====== Given information ======
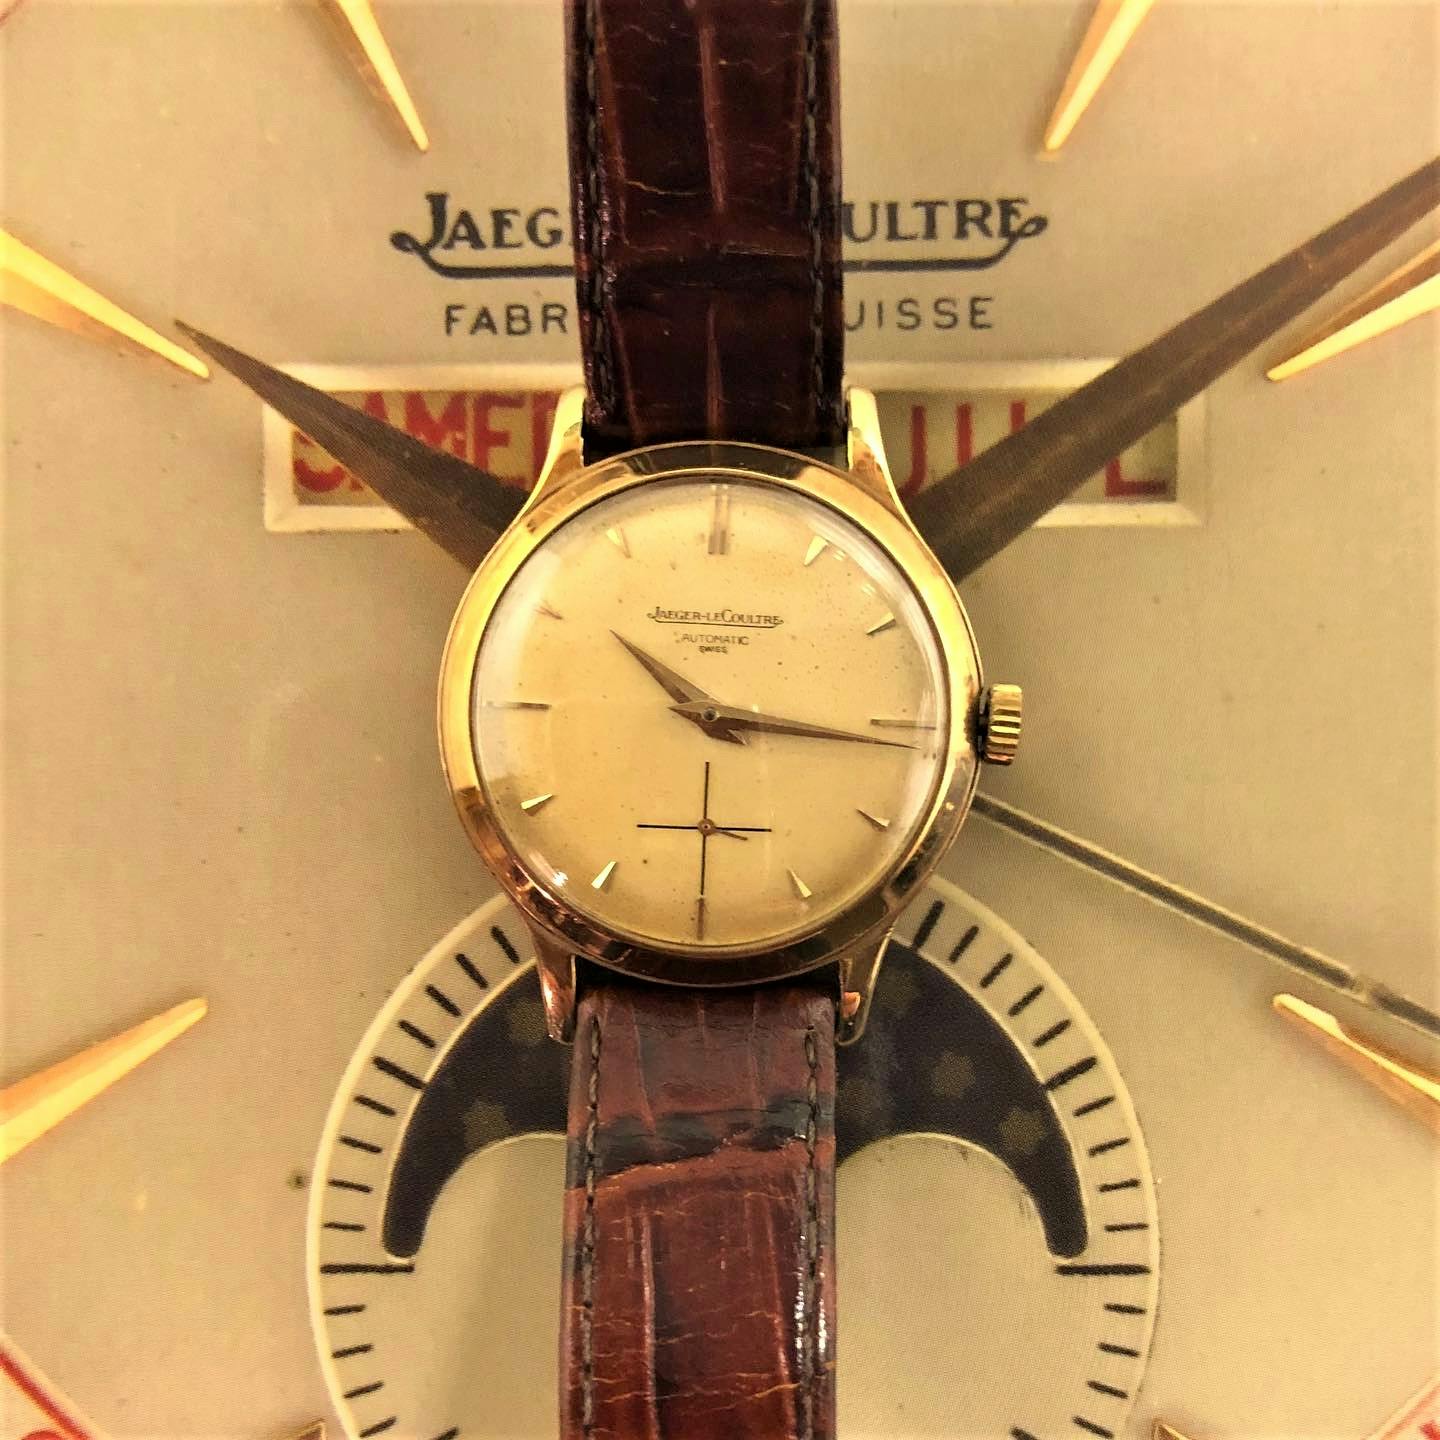 Gold Jaeger LeCoultre Automatic Men's Watch from the 1950s
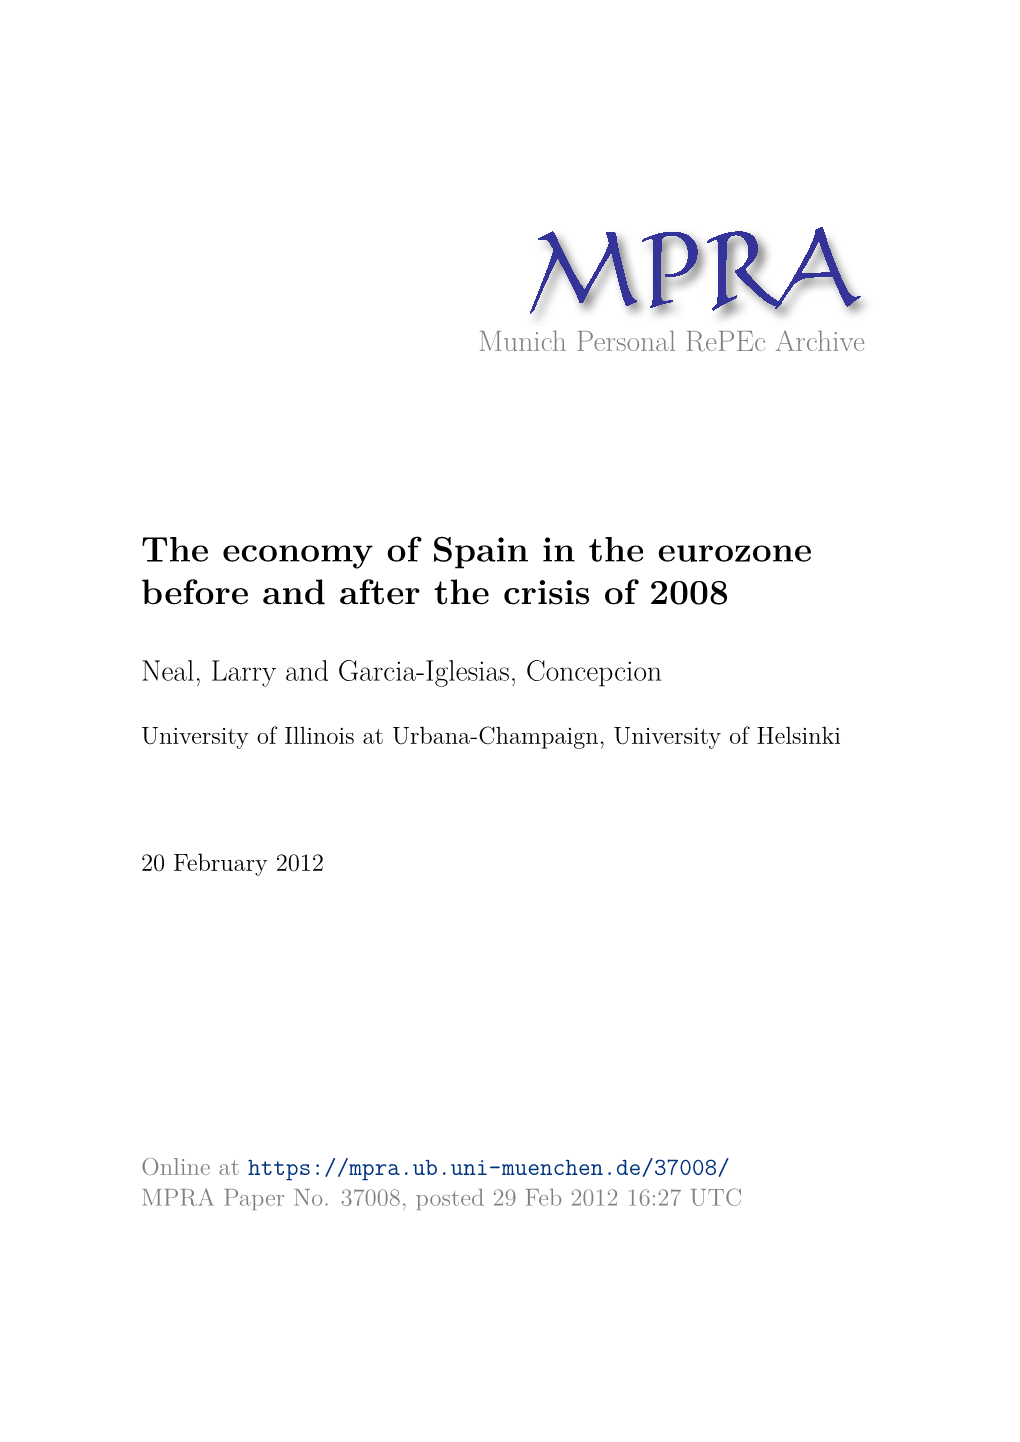 The Economy of Spain in the Eurozone Before and After the Crisis of 2008
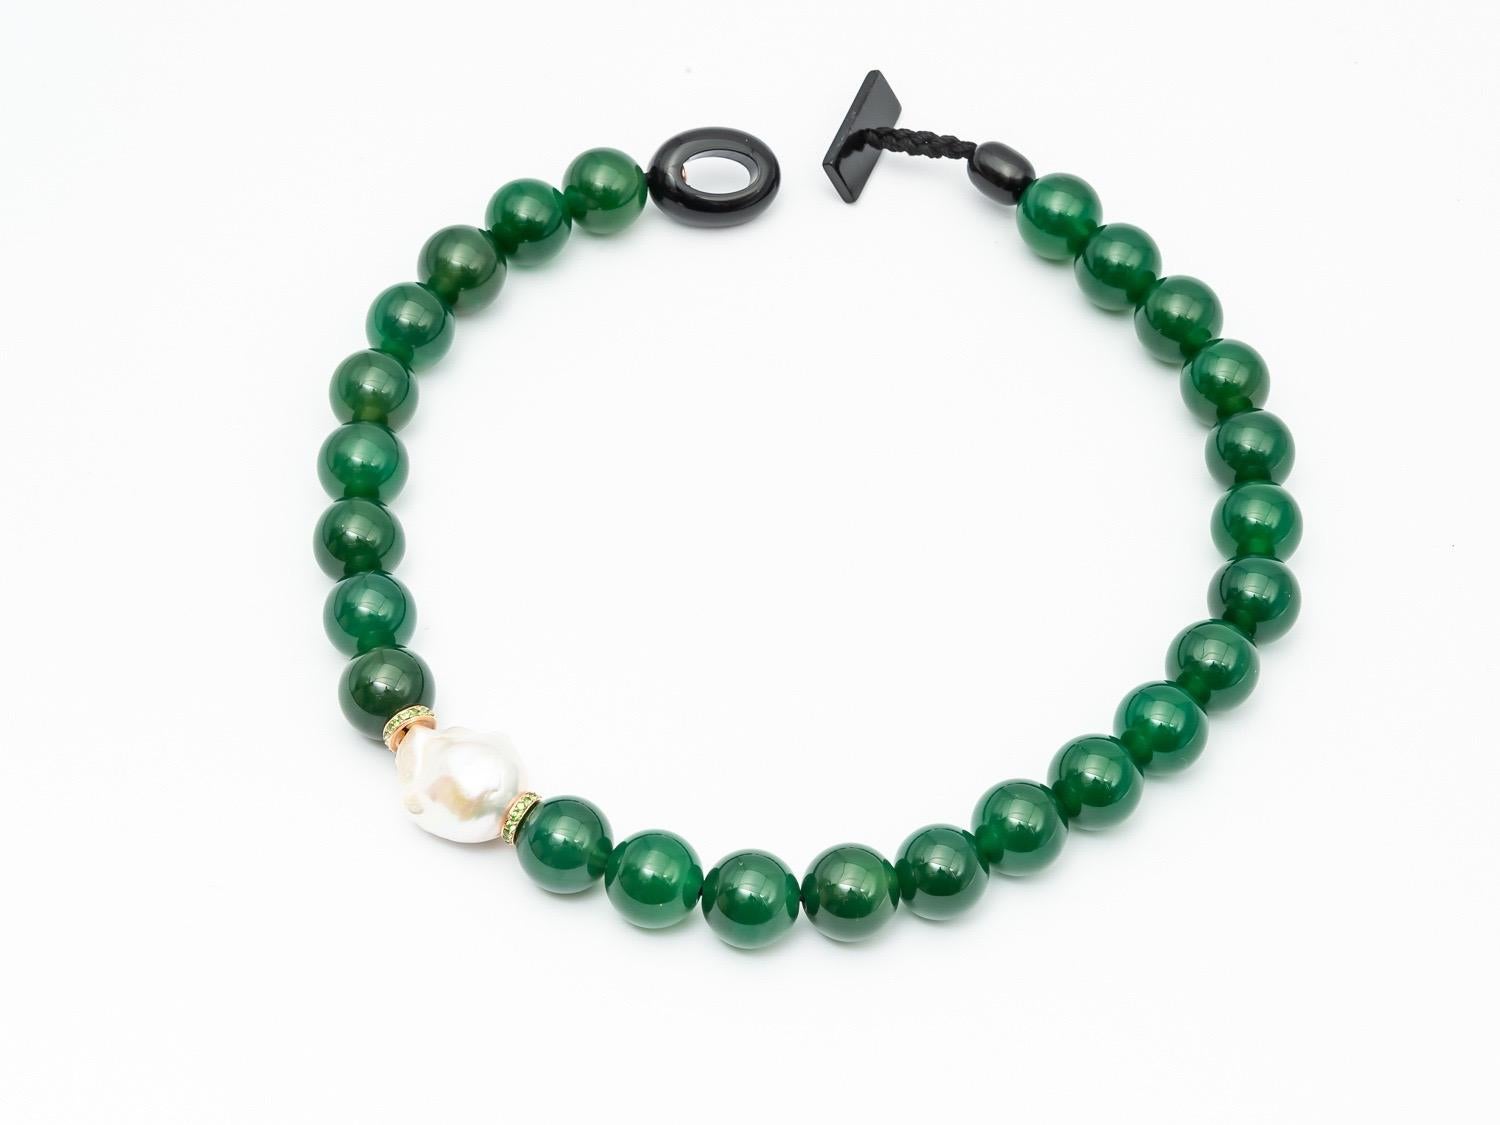 Green Agate Beads Necklace Accompanied by a Baroque Pearl and 0.32 Carats of Tsavorites
48 centimètre with Bakélite Claps 
18,89 inch
size beads 1.8 centimeter or 0.3937 inch
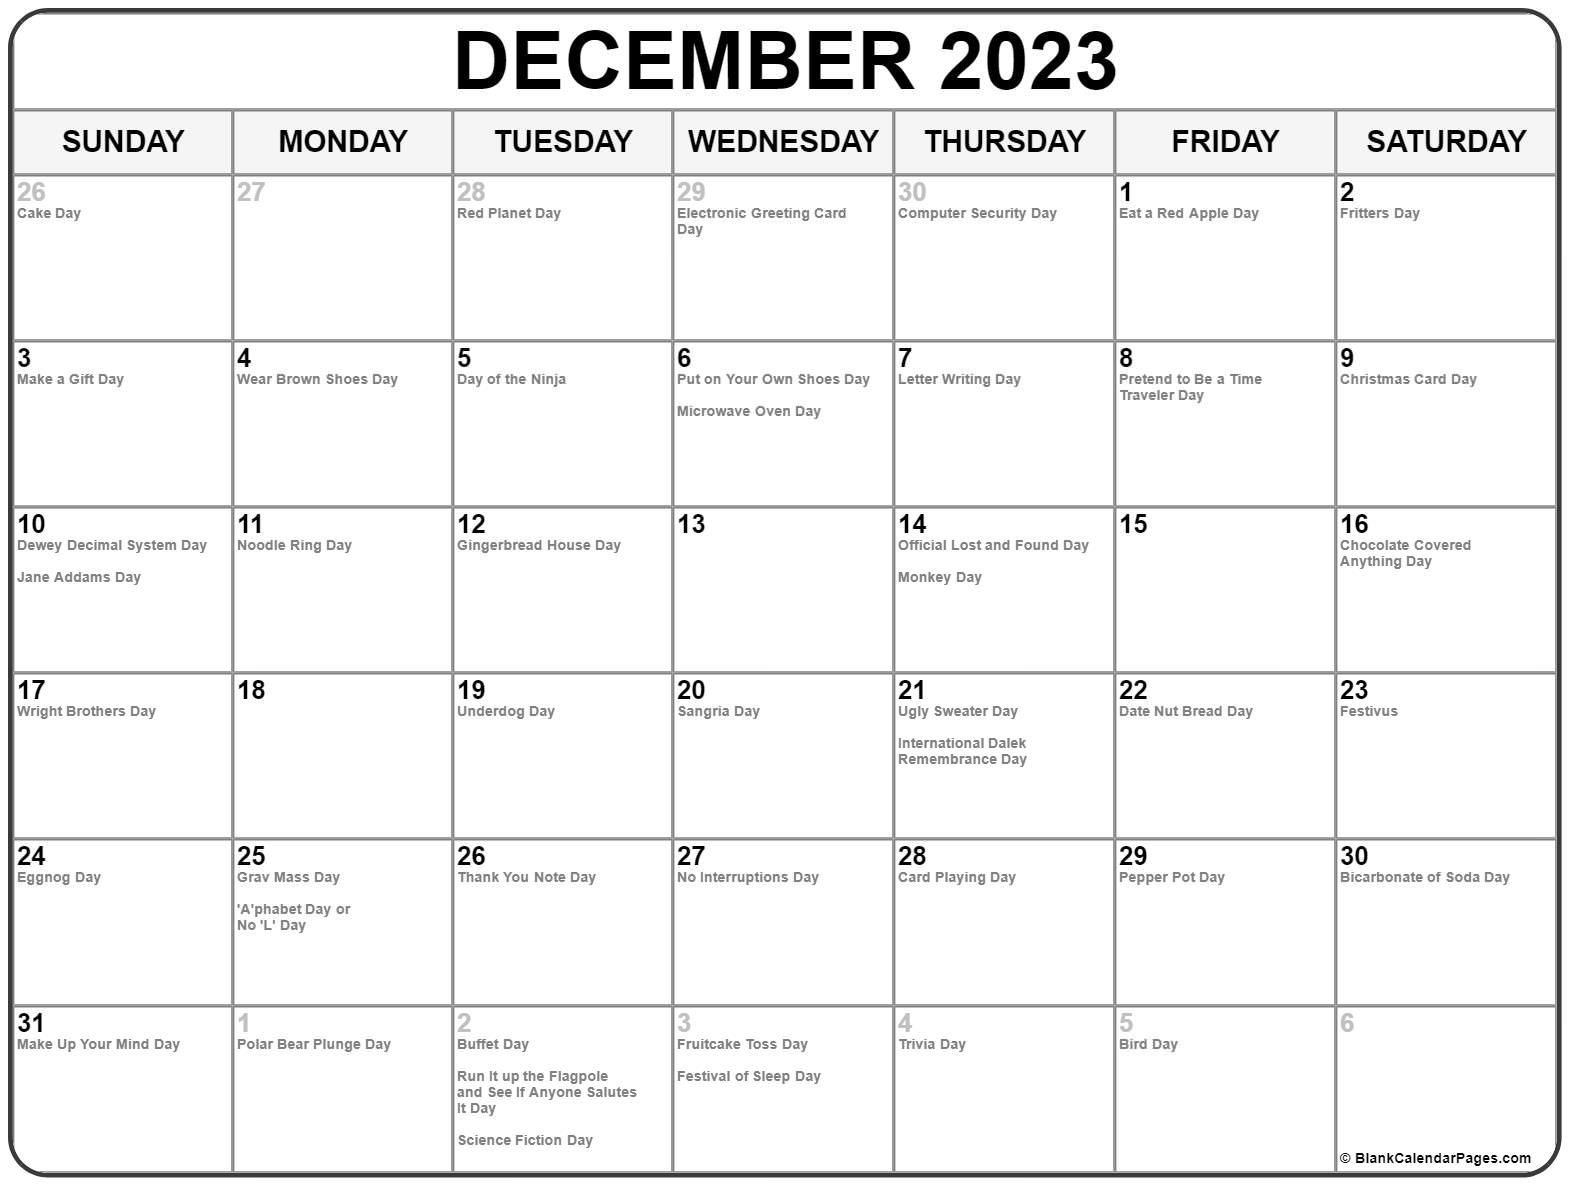 Christmas Events Near Me December 2023 Latest Ultimate Awesome List of
======
▸ **What to work on**
Would you retype all the lines shown above, exactly as written and without any picture?

▸ **Written solution**
 Gold Jaeger LeCoultre Automatic Men's Watch from the 1950s
 The Economy of Spain in the Eurozone Before and After the Crisis of 2008
 Green Agate Beads Necklace Accompanied by a Baroque Pearl and 0.32 Carats of Tsavorites
48 centimètre with Bakélite Claps 
18,89 inch
size beads 1.8 centimeter or 0.3937 inch
 Christmas Events Near Me December 2023 Latest Ultimate Awesome List of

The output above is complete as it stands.